Repeat customers are easier to persuade to buy, if only because they have fewer questions. In some cases, they require no marketing at all. Because that is true, it stands to reason that the value of acquiring a new customer should take into account more than the initial order.

Suppose you manage a car repair business that specializes in BMWs called Car Groomers. Your Web site attracts many of your new customers, who are looking for the absolute best care for their pricey cars. Your site explores why BMWs need special treatment, and how your staff is trained to provide it. You offer a free 150-point inspection as part of the first service for any appointment made on the Web.

Because of that free offer, the first service appointment is quite low in profit. You really start to make money when the customers come back, especially when they eventually need major repairs. So how do you know what you should budget for each new customer?

Get to know Customer Lifetime Value—usually called simply Lifetime Value (LTV). LTV calculates the total profit that a new customer is worth to your business.

Car Groomers can use LTV to think about their new customer acquisition costs. Suppose their profit on an initial appointment is only about $20, but they average $80 on subsequent appointments.

How do you decide what a lifetime is? If it really stretched for a human lifetime, you wouldn’t be able to calculate it until your customers were dead. (At that point, you might not be as interested.)

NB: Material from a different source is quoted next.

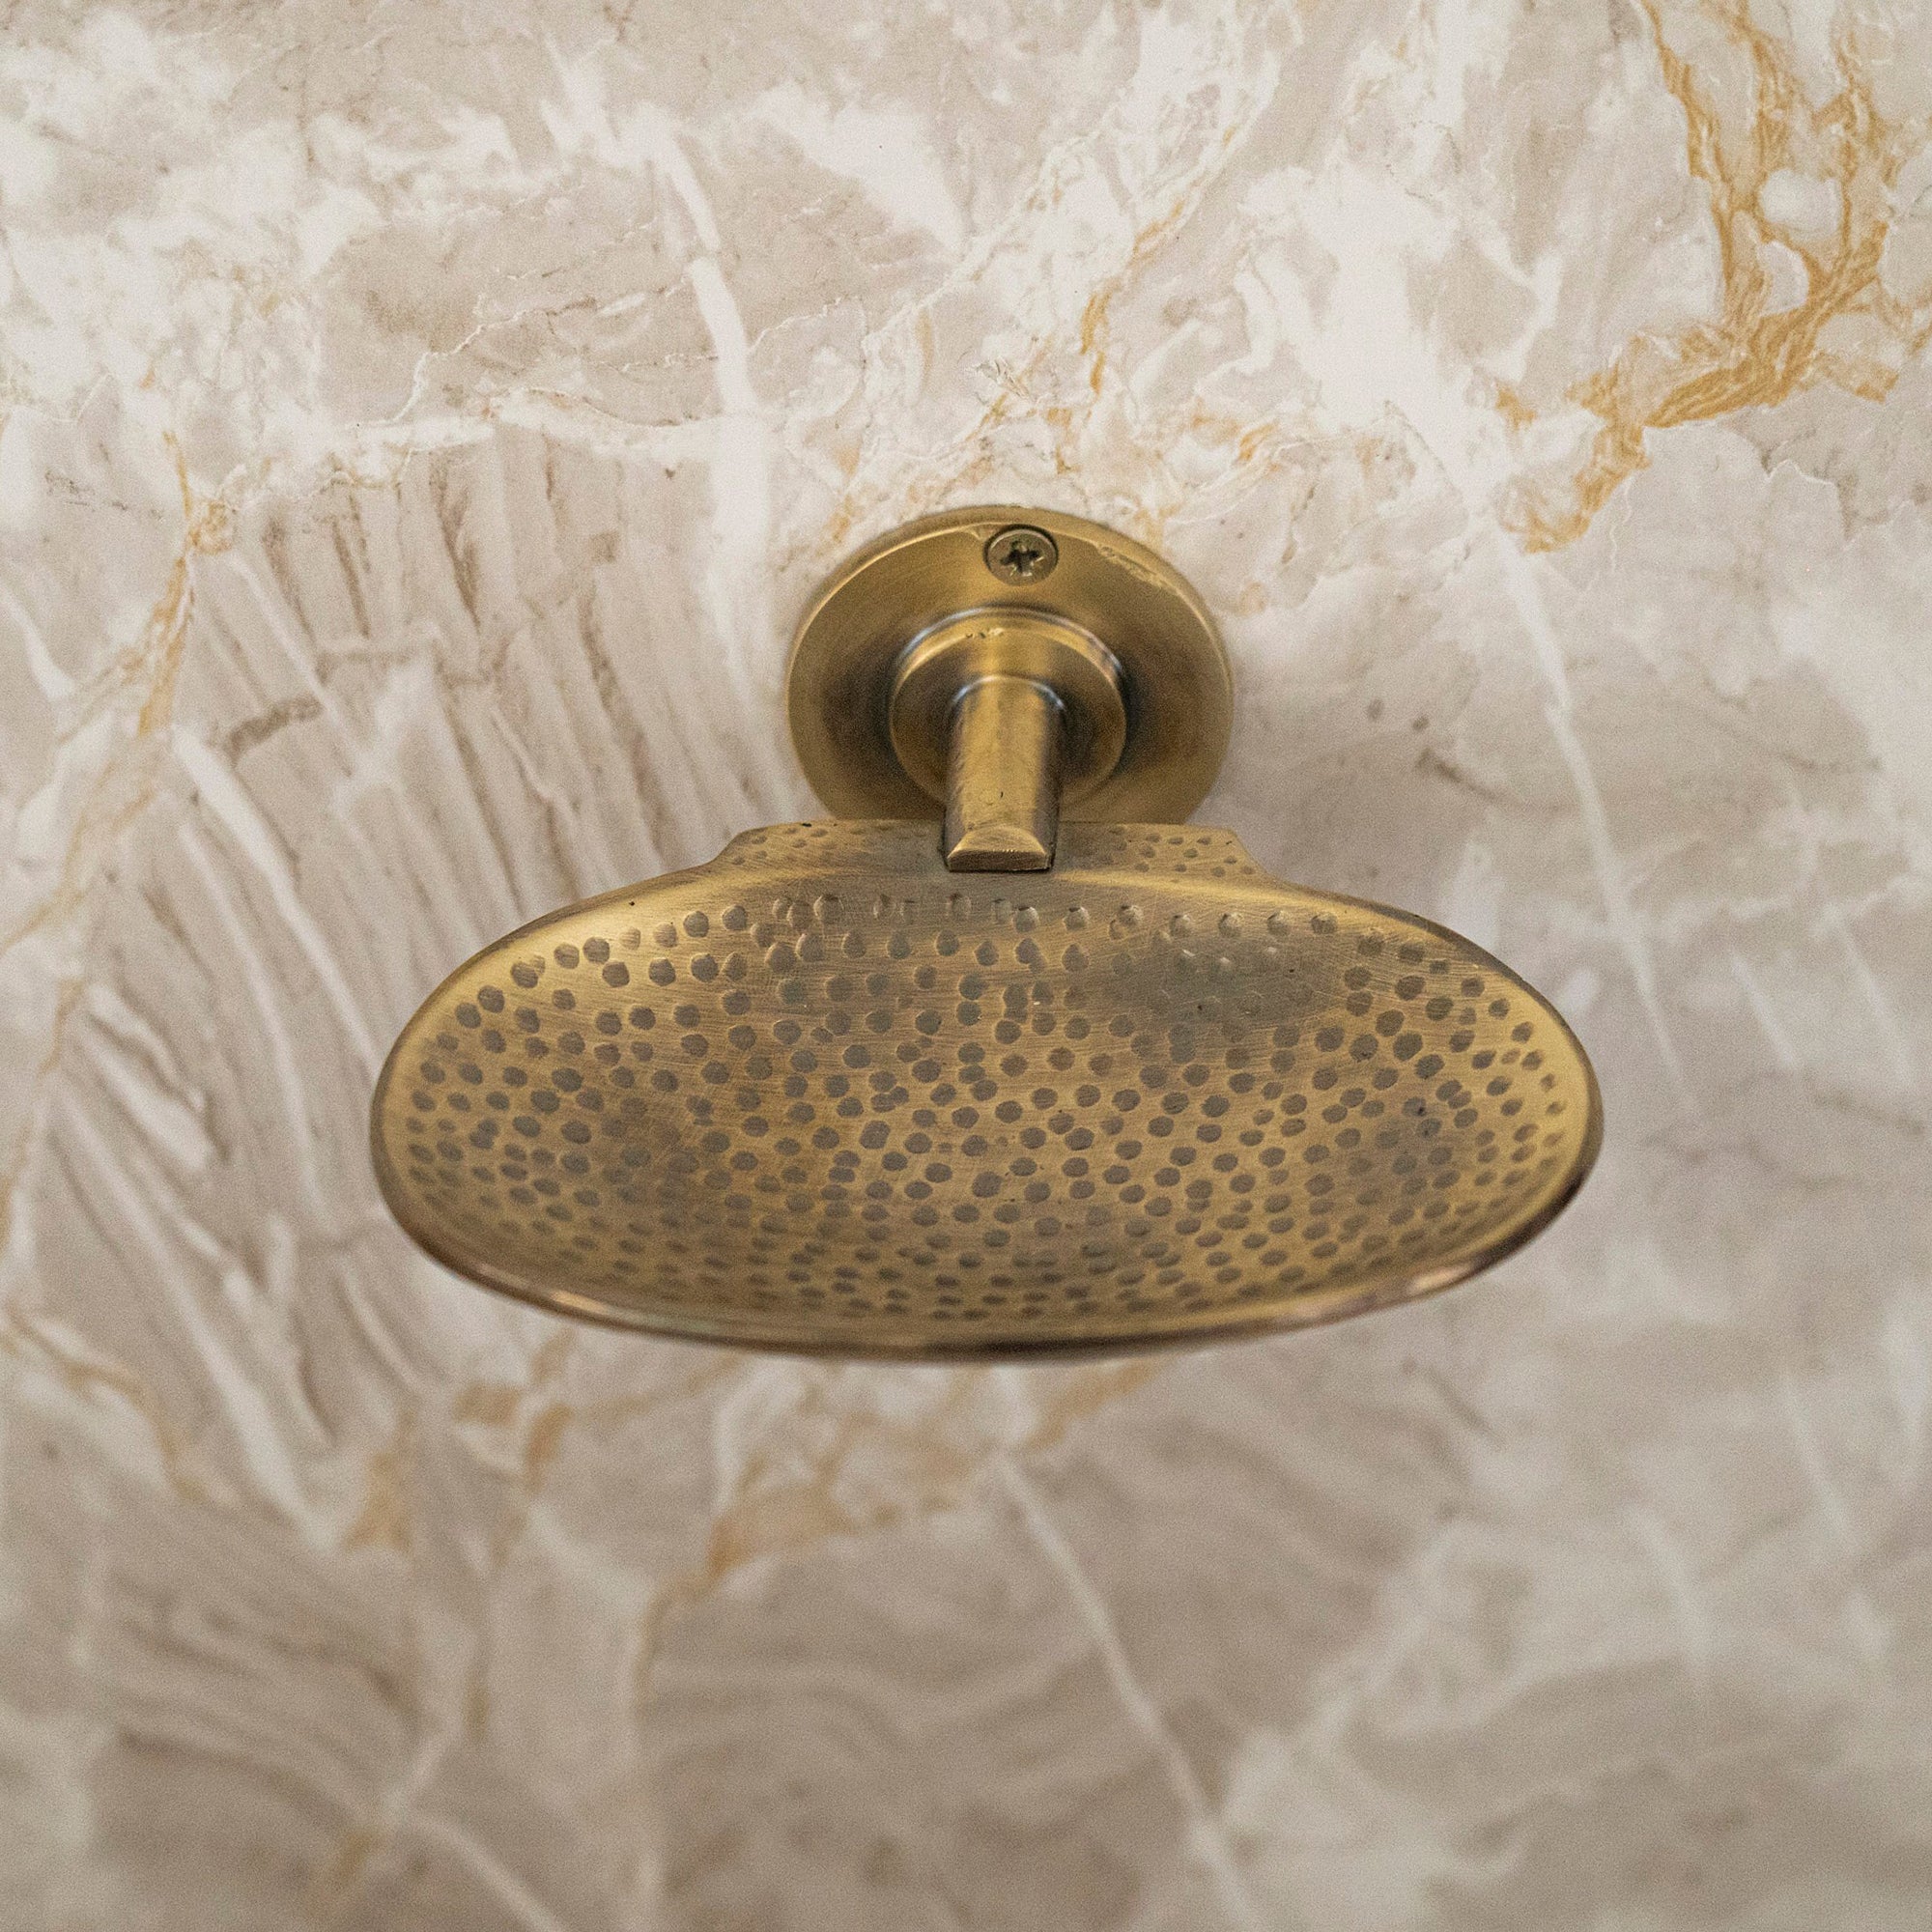 Antique Brass Soap Dish, Wall Mounted Soap Holder

If you’ve been in business a while, you might be able to estimate the length of a “customer lifetime.” Car Groomers’ records show that the average customer returns regularly for three years after the initial visit—averaging four times each year—before disappearing.

No one at Car Groomers knows exactly why people stop coming back. Perhaps some have bought a new Mercedes instead of a BMW. A few might have been turned off by a bad experience. Others move away. No matter, some folks are regular customers for many years, while others drop out after one or two visits. The average is three years, so Car Groomers can use three years as the duration of a lifetime. If you don’t have this information for your business, take a guess—but be conservative, because that keeps your spending lower (and more likely profitable).

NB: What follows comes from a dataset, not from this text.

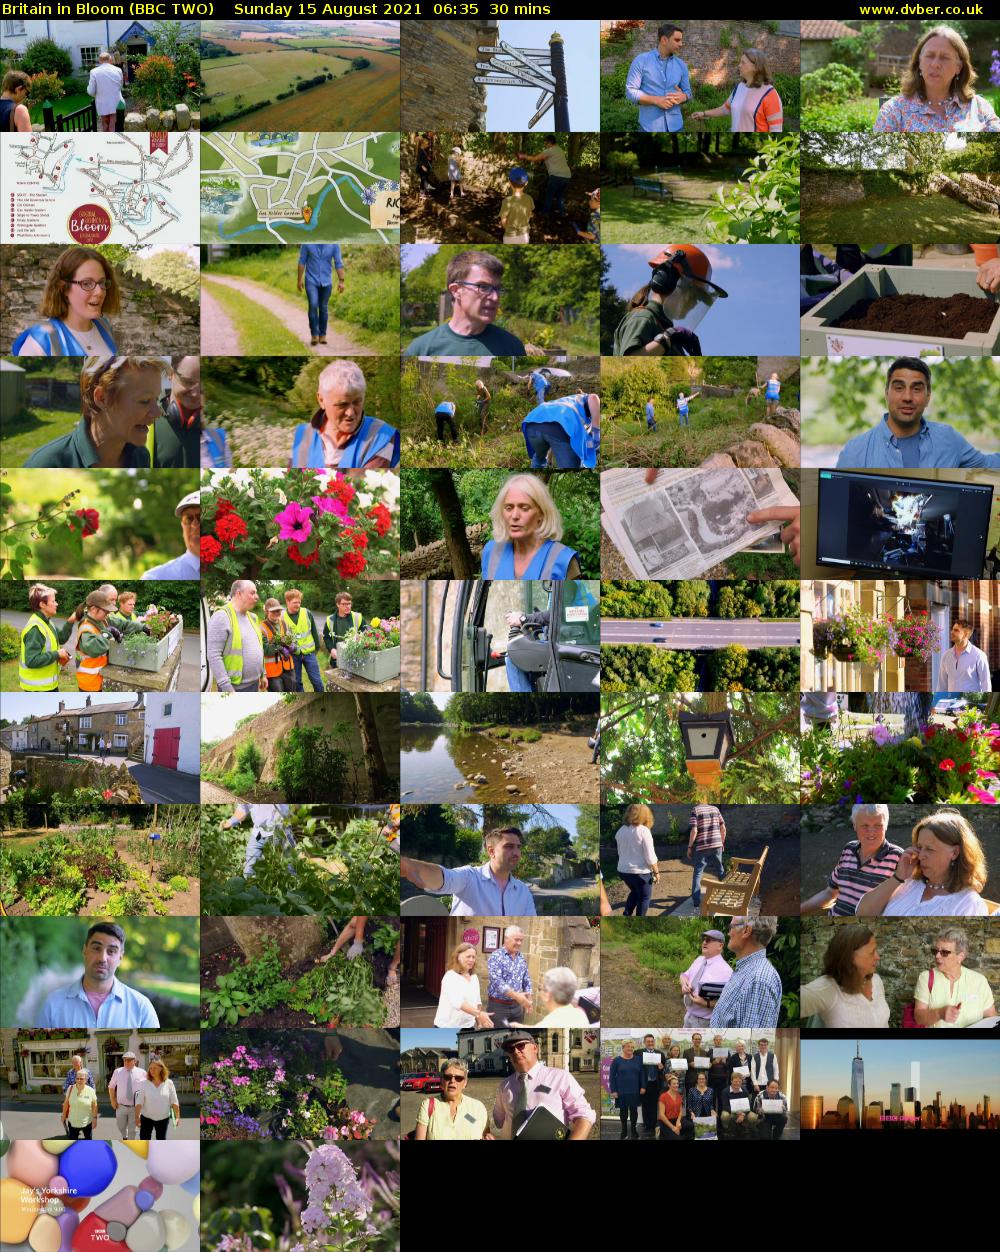 Britain in Bloom (BBC TWO) Sunday 15 August 2021 06:35 - 07:05

So, how could Car Groomers calculate LTV? Four visits per year multiplied by three years gives you 12 visits in a lifetime. The profit on the first visit is $20, but the other 11 visits provide $80 of profit each ($880), yielding a total value of $900.

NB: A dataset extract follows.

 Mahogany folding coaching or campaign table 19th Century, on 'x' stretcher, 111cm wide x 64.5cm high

But it’s not that simple, unfortunately. Although the numbers total up to $900, the truth is that $900 payable over three years is not worth $900 today—it’s worth less. The question is, “How much less?”

Net Present Value (NPV) tells us that answer. NPV calculators ask you for your cash flows and your discount rate (which you can think of as inflation or interest rates—it’s the cost of money over the three-year customer lifetime). With a three percent discount rate, the NPV of $900 is around $850. That means that $850 is the Lifetime Value for a new customer—if Car Groomers spent $850 in acquisition costs for each customer, they’d break even. Every dollar saved becomes more profit.

As with valuing conversions, calculating Lifetime Value is not always easy, especially in a large company where it can be hard just to get everyone to agree to the same formula. Some people believe that you should consider the attrition rate of your customers for each repeat purchase, rather than just using the average number of purchases from a customer over a lifetime. Others argue that new customers referred by that customer have value that should be counted. I chose to present the formula as simply as possible here, ignoring these complicating factors.

Despite the roadblocks, some companies, such as Hewlett-Packard and Bass Pro Shops use LTV to measure their online marketing. Instead of arguing about the complexities, I recommend that you “do it wrong quickly” by using these principles if you can, even if the metrics themselves are not as accurate as you’d like in the beginning.

Remember that the $850 we calculated for LTV is an average. Some of Car Groomer’s customers will be worth more than $850 (because they deliver more than $900 in profit over the three-year customer lifetime) and some will be worth less. You’ll raise your profits if you can concentrate on acquiring more of the customers that are above the average.

To concentrate on the high end of the market, use RFM analysis. Some of your marketing tactics will draw customers who show higher recency in the first few months. For example, Car Groomers may notice that more customers acquired through paid search have returned for their second visit while other customers have not. So, they may shift more of their marketing budget to paid search.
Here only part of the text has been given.